HDU 6208 The Dominator of Strings

题目:

Here you have a set of strings. A dominator is a string of the set dominating all strings else. The string S is dominated by T if S is a substring of T.

Input:

The input contains several test cases and the first line provides the total number of cases.

For each test case, the first line contains an integer N indicating the size of the set.

Each of the following N lines describes a string of the set in lowercase.
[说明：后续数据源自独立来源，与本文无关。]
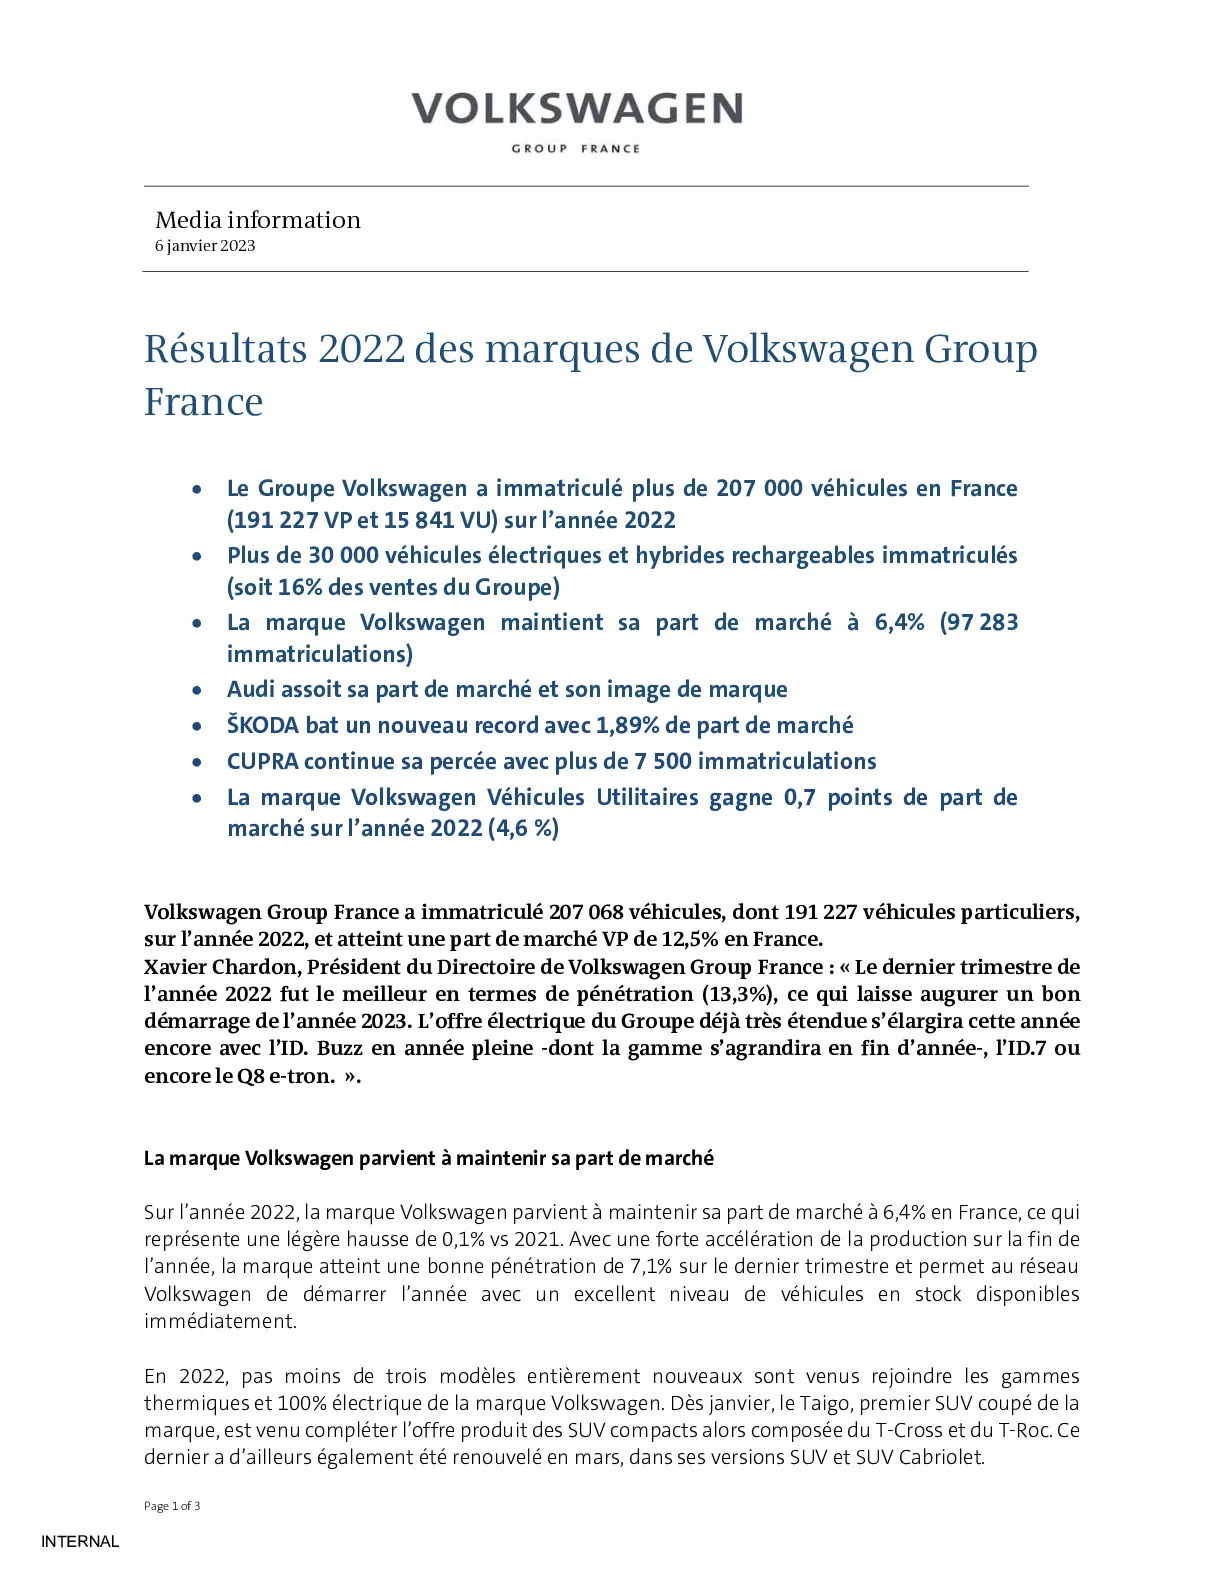 23_01_06_Résultats 2022 des marques de Volkswagen Group France-pdf
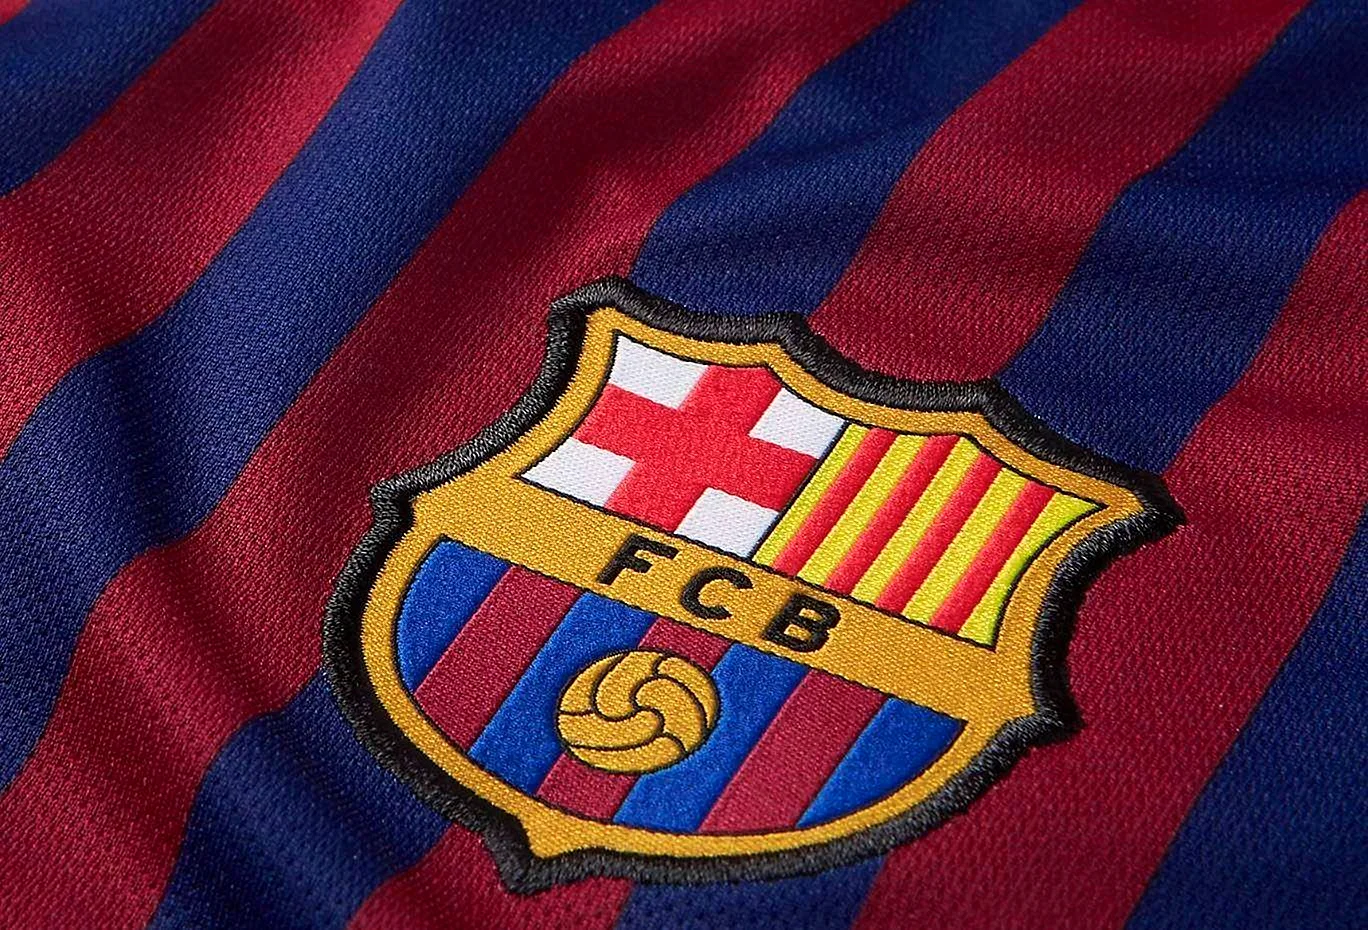 Барселона футбольный клуб

The total length of strings in each case has the limit of 100000.

The limit is 30MB for the input file.

Output:

For each test case, output a dominator if exist, or No if not.

Sample Input:

3

10

you

better

worse

richer

poorer

sickness

health

death

faithfulness

youbemyweddedwifebetterworsericherpoorersicknesshealthtilldeathdouspartandpledgeyoumyfaithfulness

5

abc

cde

abcde

abcde

bcde

3

aaaaa

aaaab

aaaac

Sample Output:

youbemyweddedwifebetterworsericherpoorersicknesshealthtilldeathdouspartandpledgeyoumyfaithfulness

abcde

No

题目链接

题目就是要求判断是否存在一个字符串使其它字符串都是它的子串。

首先这个字符串得是最长的，筛选一下然后用ans.find(*it) == ans.npos暴力遍历判断一下。

这道题有大量数据读入，使用cin、cout时最好加上

ios::sync_with_stdio(0);
cin.tie(0);

这个代码使用时scanf和cout不要一起用，printf和cin不要一起用

AC代码：

#include <stdio.h>
#include <iostream>
#include <string>
#include <cstring>
#include <algorithm>
#include <iomanip>
#include <cctype>
#include <cmath>
#include <stack>
#include <queue>
#include <vector>

using namespace std;
#define mem(a,b) memset(a,b,sizeof(a))
typedef long long ll;

int main() {
ios::sync_with_stdio(0);
cin.tie(0);
int T;
string ans;
cin >> T;
while (T--) {
vector<string> vec;
vector<string>::iterator it;
int n;
cin >> n;
int flag = 1;
ans.clear();
while (n--) {
string str;
cin >> str;
vec.push_back(str);
if (ans.length() < str.length()) {
ans = str;
}
}
for (it = vec.begin();it != vec.end();it++) {
if (ans.find(*it) == ans.npos) {
flag = 0;
break;
}
}
if (flag) {
cout << ans << endl;
}
else {
cout << "No" << endl;
}
}
return 0;
}